**Data excerpt**
□ □ □ □ □ □ □
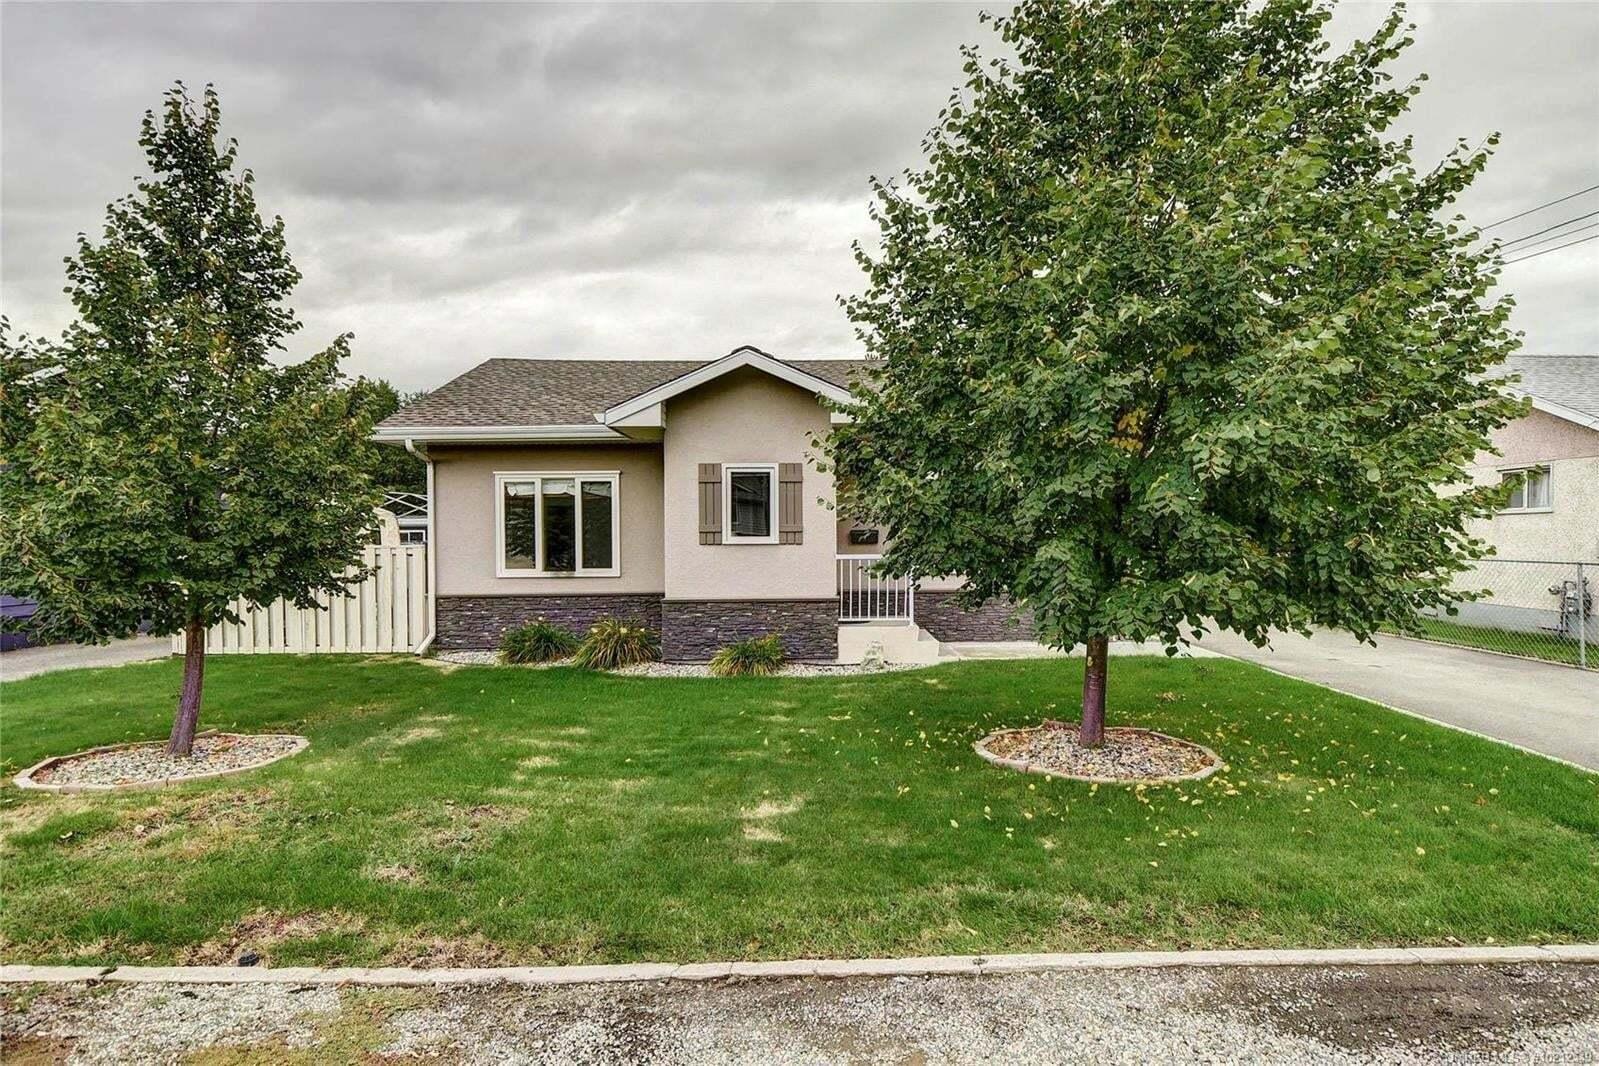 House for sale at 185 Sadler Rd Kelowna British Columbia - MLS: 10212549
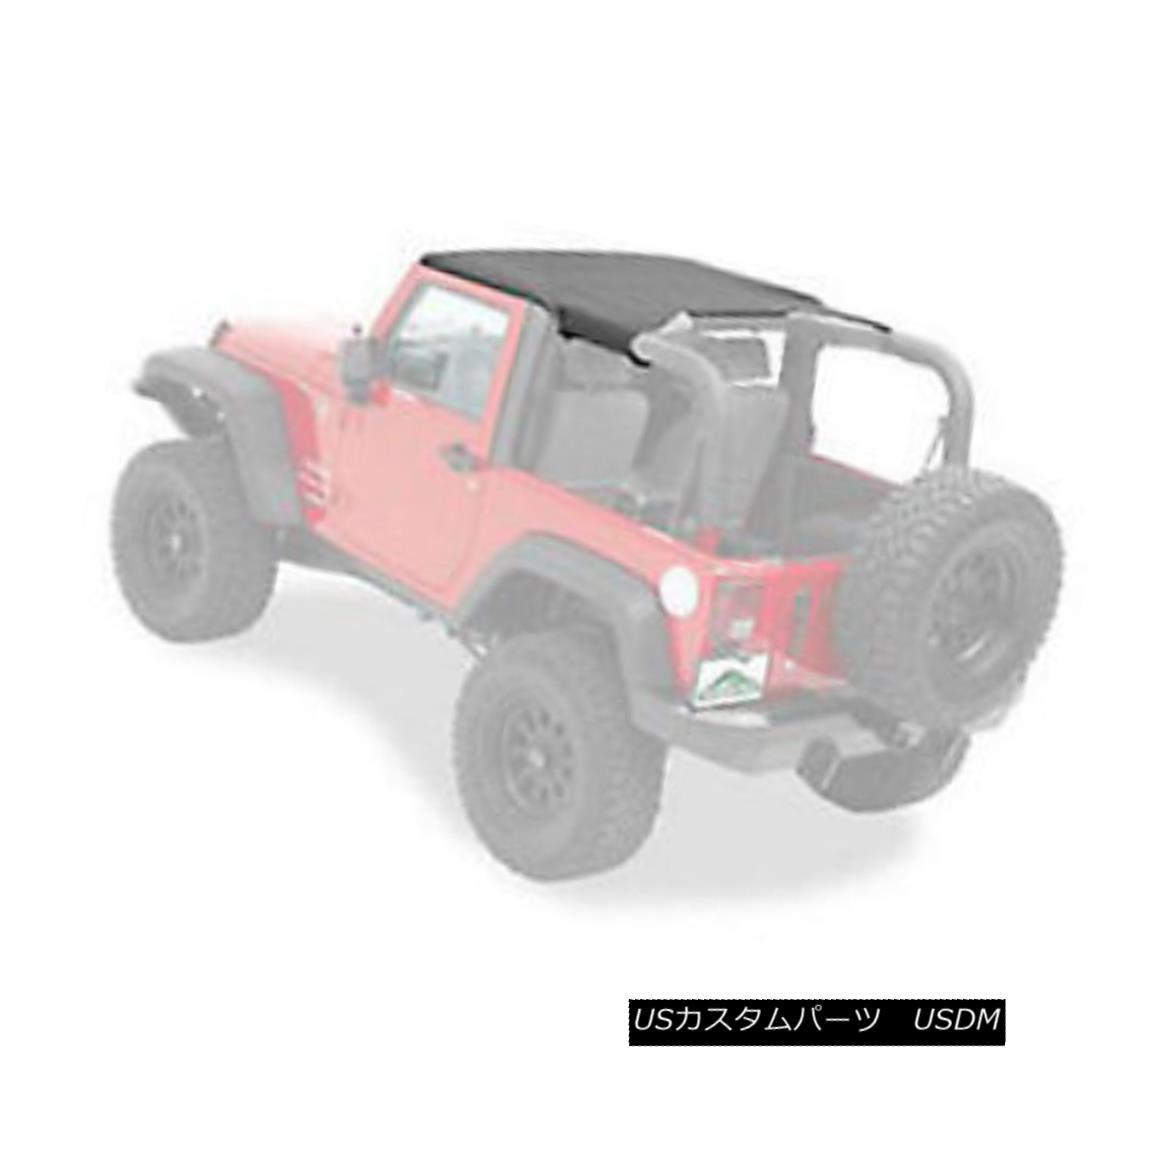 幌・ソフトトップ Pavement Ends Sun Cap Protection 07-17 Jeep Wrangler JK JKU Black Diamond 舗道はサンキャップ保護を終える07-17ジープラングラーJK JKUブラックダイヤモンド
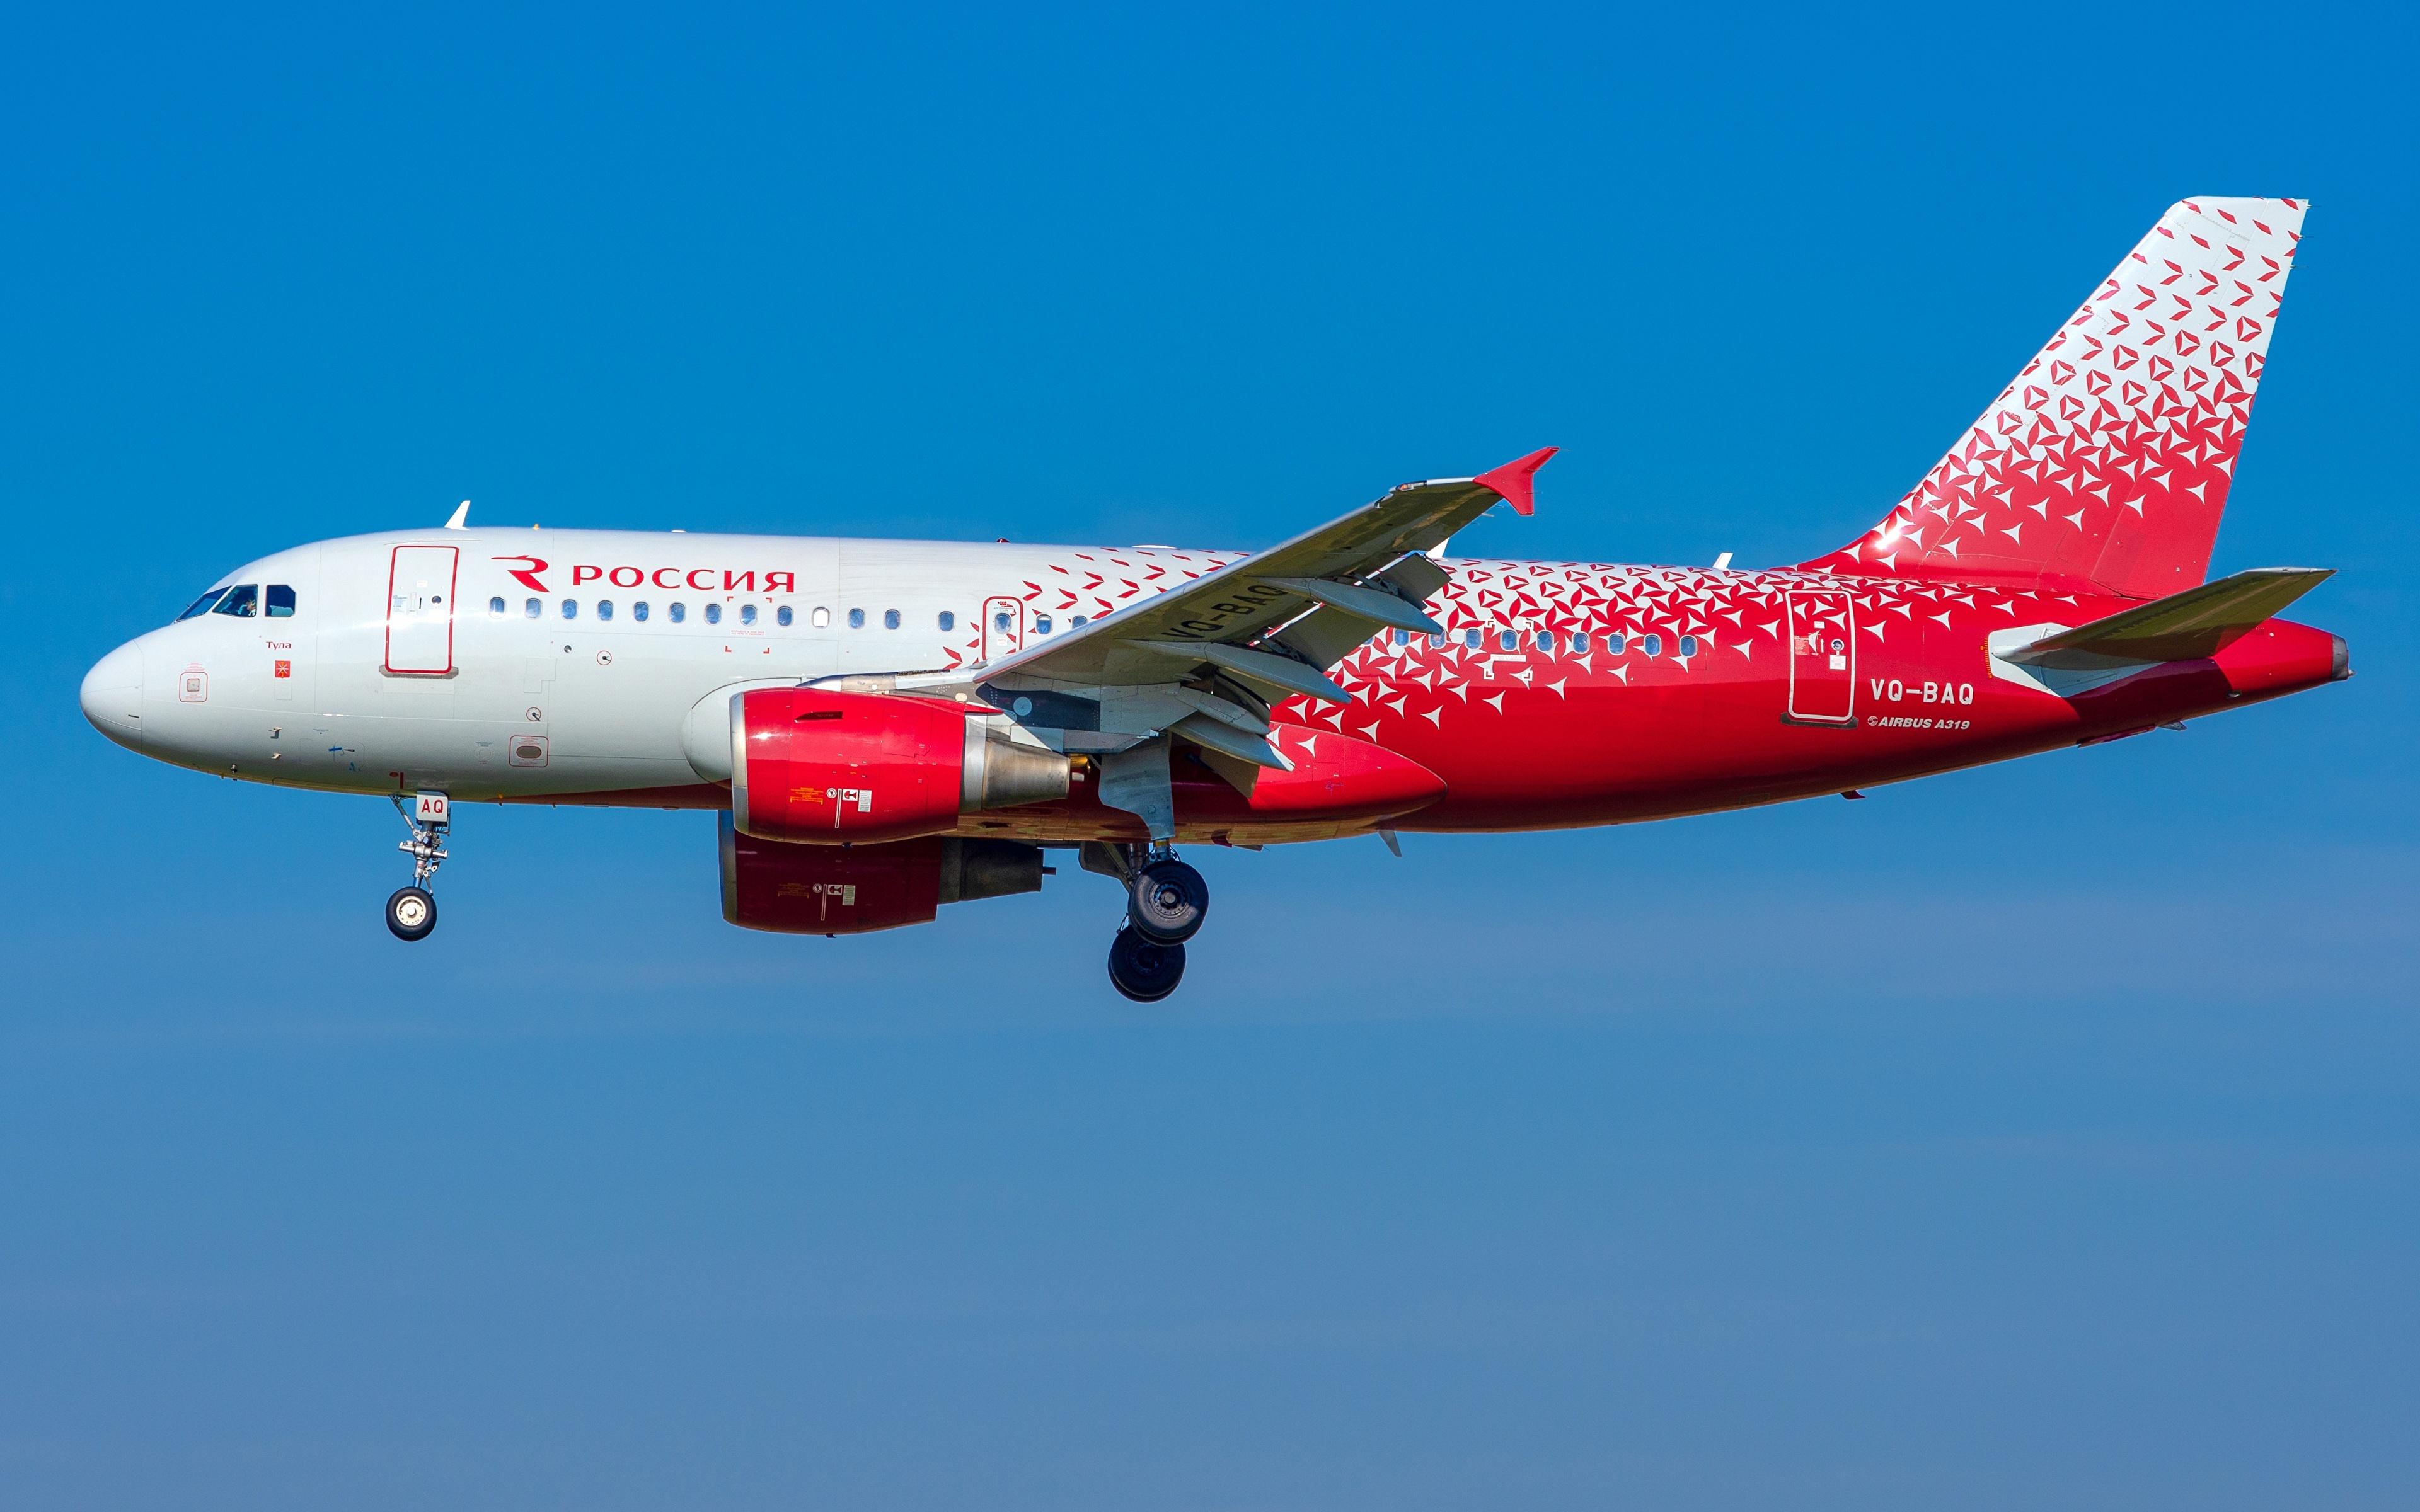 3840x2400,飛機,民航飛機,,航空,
□ □ □ □ □ □ □
**Exercise aim**
When you write out the material above, keep every line exact and drop each picture.

**Solved exercise**
 House for sale at 185 Sadler Rd Kelowna British Columbia - MLS: 10212549
 幌・ソフトトップ Pavement Ends Sun Cap Protection 07-17 Jeep Wrangler JK JKU Black Diamond 舗道はサンキャップ保護を終える07-17ジープラングラーJK JKUブラックダイヤモンド
 3840x2400,飛機,民航飛機,,航空,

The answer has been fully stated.